- Task: Please output the listing exactly as it stands, but omit any images.
**** Given data
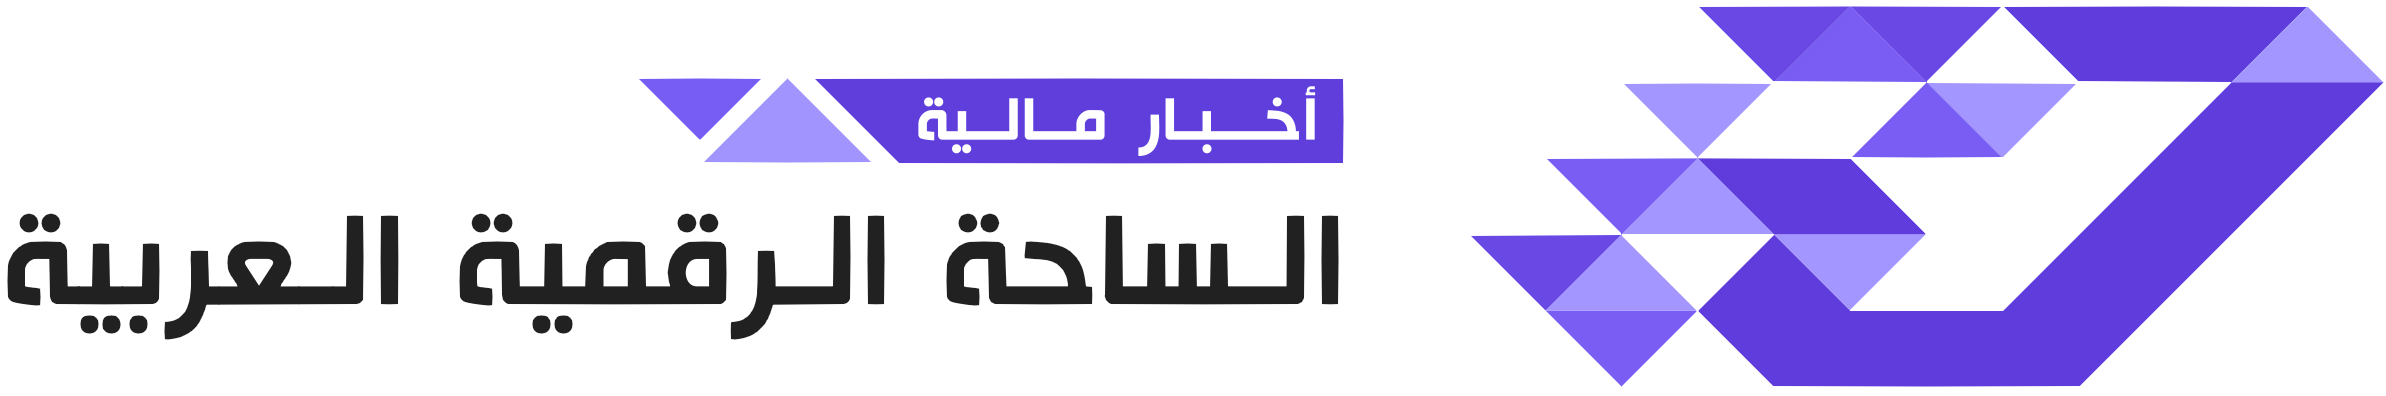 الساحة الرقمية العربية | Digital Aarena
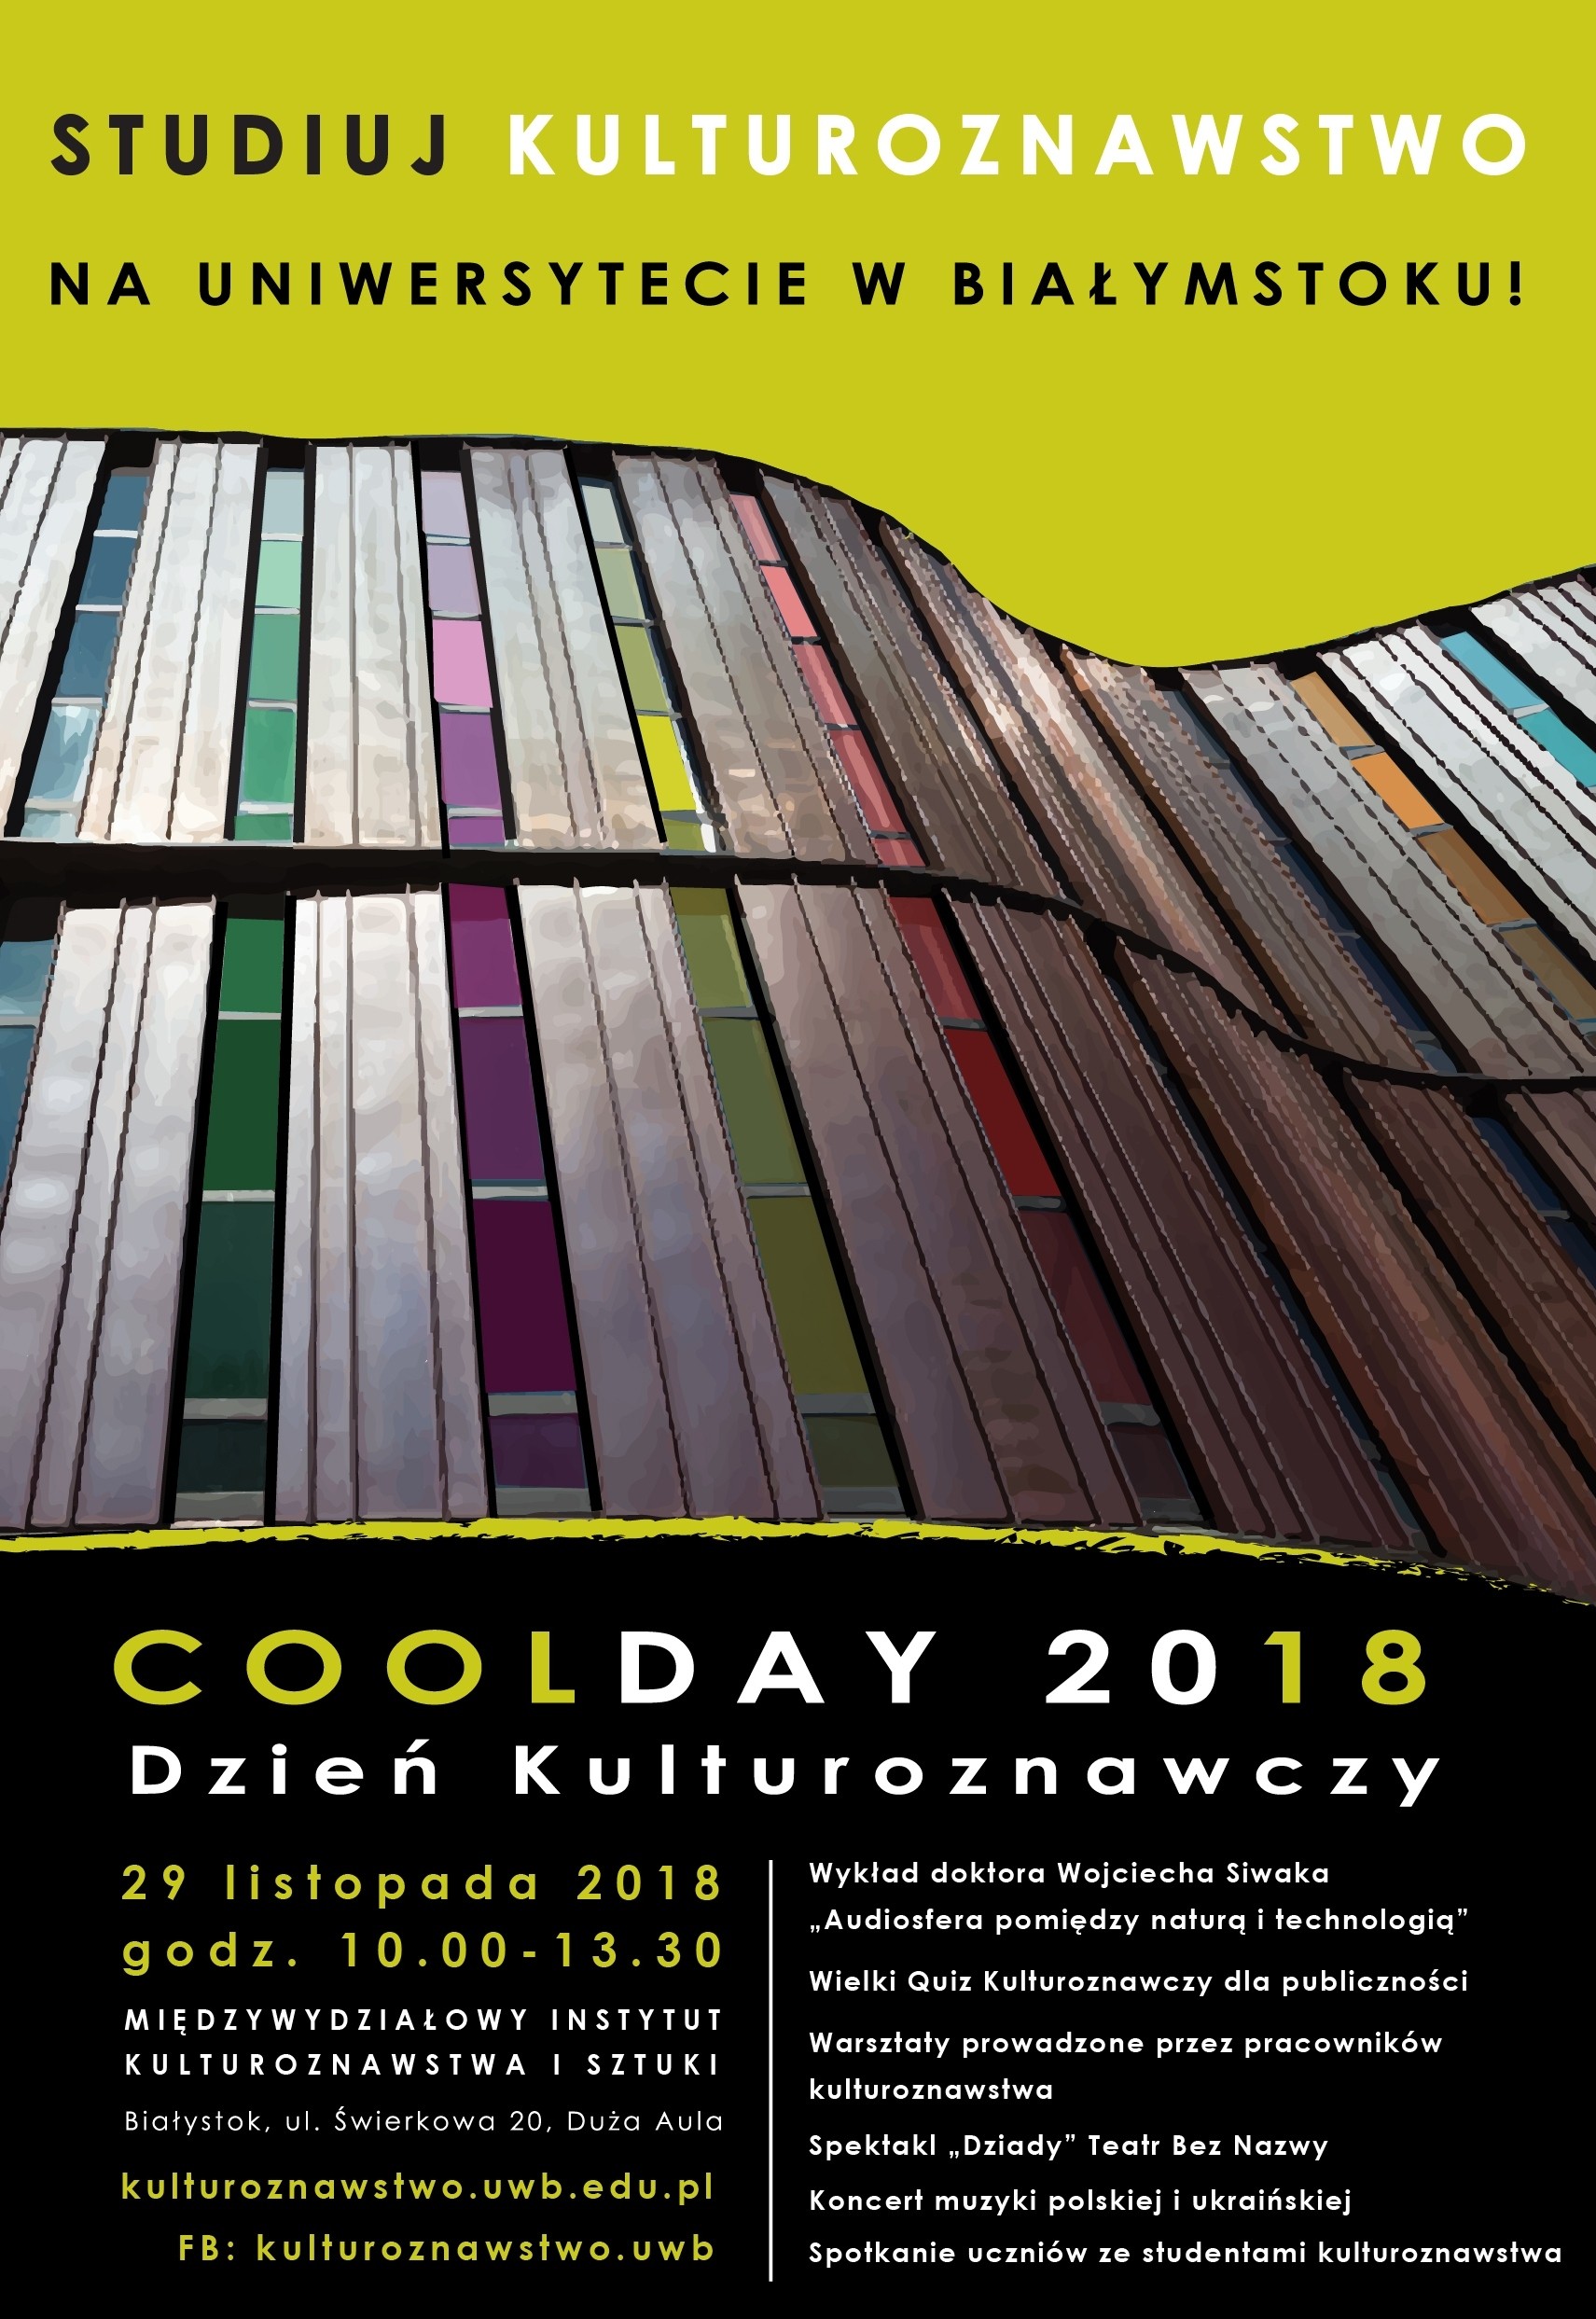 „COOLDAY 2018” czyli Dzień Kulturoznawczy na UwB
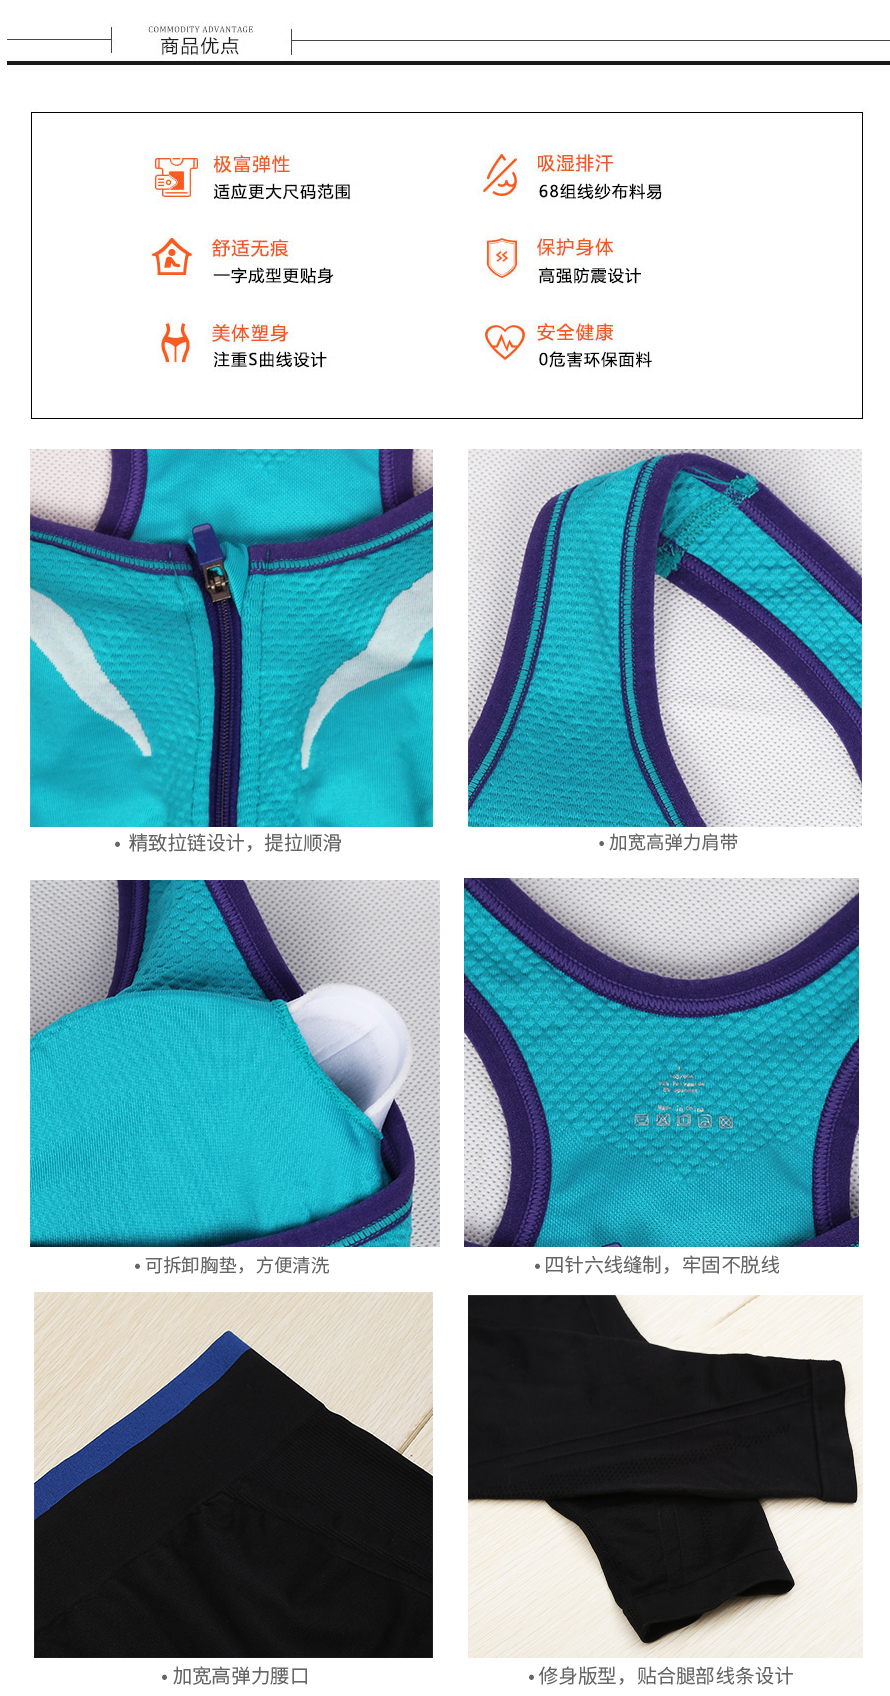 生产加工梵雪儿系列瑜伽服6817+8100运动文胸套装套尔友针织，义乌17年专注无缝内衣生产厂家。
********
- Solved problem:
 الساحة الرقمية العربية | Digital Aarena
 „COOLDAY 2018” czyli Dzień Kulturoznawczy na UwB
 生产加工梵雪儿系列瑜伽服6817+8100运动文胸套装套尔友针织，义乌17年专注无缝内衣生产厂家。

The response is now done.